Travelling wave DEP utilizes only AC to manipulate and transport particles [75, 76]. Although the mechanism of particle manipulation is similar to that for AC-DEP, there are phase shifts amid the generated electric fields that help serially carrying the particles between each electrode pair.

Although the AC-DEP technique has a few drawbacks, it is still the most practical method for this application. Accordingly, this section will describe the fundamentals of AC-DEP to illustrate the key concepts. The simplified model to derive the time-average AC-DEP expression for a spherical particle is based on the dipole approximation that is given by Eq. (1) [77];

$$\overset{\lower0.5em\hbox{$\smash{\scriptscriptstyle\rightharpoonup}$}} {F}_{DEP} = 2\pi R^{3} \varepsilon_{m} Re[f_{CM} ] \nabla \left| {E_{rms} } \right|^{2} ,$$
(1)

where R is the particle radius, ɛ m is the dielectric permittivity of the medium, Re[f CM ] is the real value of the Clausius–Mossotti factor and E rms is the root mean square of the electric field intensity. The complex Clausius–Mossotti factor is defined by Eq. (2);

$$[f_{CM} ] = \left\{ {\frac{{\left( {\varepsilon_{p} + {{\sigma_{p} } \mathord{\left/ {\vphantom {{\sigma_{p} } {j\omega }}} \right.} {j\omega }}} \right){ - }\left( {\varepsilon_{m} + {{\sigma_{m} } \mathord{\left/ {\vphantom {{\sigma_{m} } {j\omega }}} \right.} {j\omega }}} \right)}}{{\left( {\varepsilon_{p} + {{\sigma_{p} } \mathord{\left/ {\vphantom {{\sigma_{p} } {j\omega }}} \right.} {j\omega }}} \right) + \text{2}\left( {\varepsilon_{m} + {{\sigma_{m} } \mathord{\left/ {\vphantom {{\sigma_{m} } {j\omega }}} \right.} {j\omega }}} \right)}}} \right\} ,$$
(2)

where ɛ p and σ p are the dielectric permittivity and electrical conductivity of the particle, ɛ m and σ m are the dielectric permittivity and electrical conductivity of the medium, and ω is the signal frequency. The AC-DEP equation analogous to Eq. (1) for a multi-pole model has been derived elsewhere. The direction of the force exerting on a particle relies on the real value of the complex Clausius–Mossotti factor (Re[f CM ]), which is related to the effective polarizability. The factor depends upon the electrical conductivity and the dielectric permittivity of the particles and the suspension medium, as well as the applied signal frequency. It should be noted that Eq. (2) can be employed not only for the single-shell model but also for the multi-shell model. However, further modifications for the multi-shell approximation are needed, such as described in Ref. [77].
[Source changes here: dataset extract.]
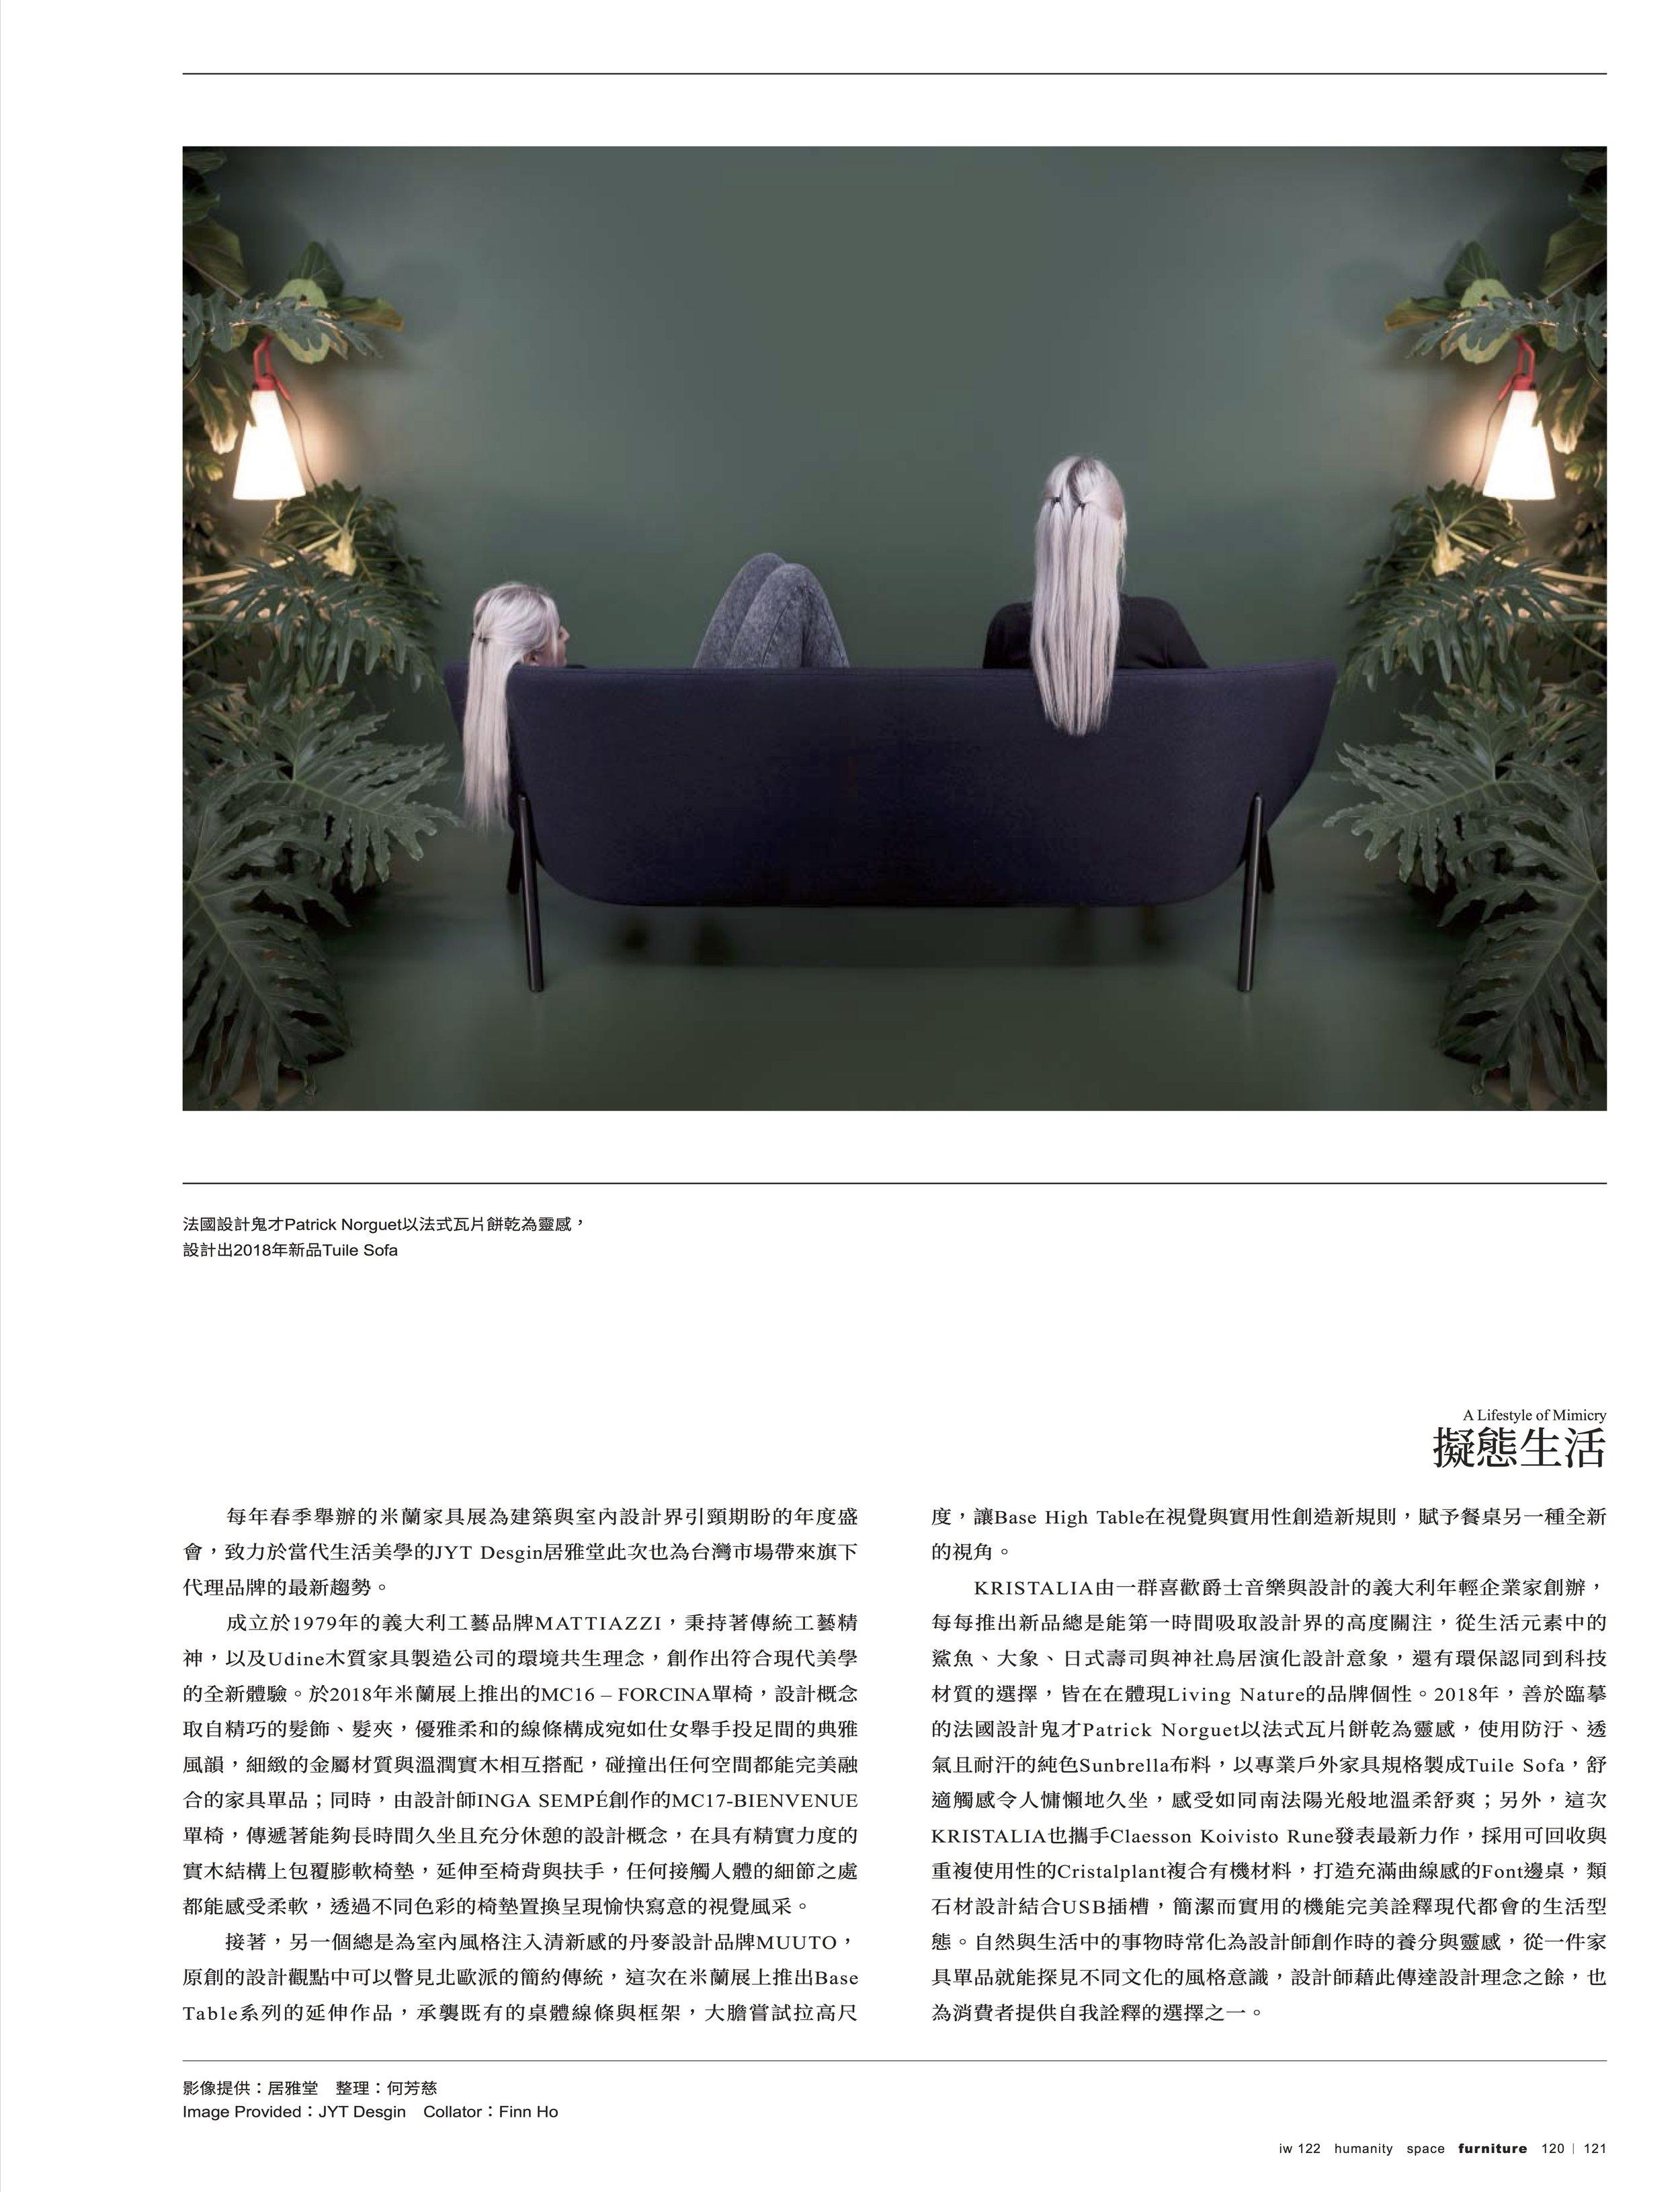 NO.122 IW品牌經營-居雅堂.jpg

In general, it should be understood that each type of biological cell, as well as particle, has its own frequency-dependent characteristic leading to a different magnitude and direction of exerted DEP force in a non-uniform electric field. Therefore, AC-DEP-based micro-devices have been applied for biomedical applications to separate, sort, trap and focus biological cells, such as cancer cells, stem cells and infected cells [6062], in addition to bacteria, viruses, DNA and proteins [6368].

With respect to the application for malaria parasite detection, Gascoyne et al. studied the changes in the dielectric properties of iRBCs compared to hRBCs using electrorotation (ROT) and dielectrophoretic crossover approaches [78]. They found that the dielectrophoretic crossover method was better able to predict the dielectric properties of iRBCs than the ROT approach. A summary of their experimental results [62] for a spherical shell model is shown in Table 2. From these results, they explained that the membrane conductivity of iRBCs was higher than that of hRBCs because of RBC membrane barrier deterioration during malaria parasite infection. However, iRBCs retain their internal ions, as shown by their relatively high internal conductivity.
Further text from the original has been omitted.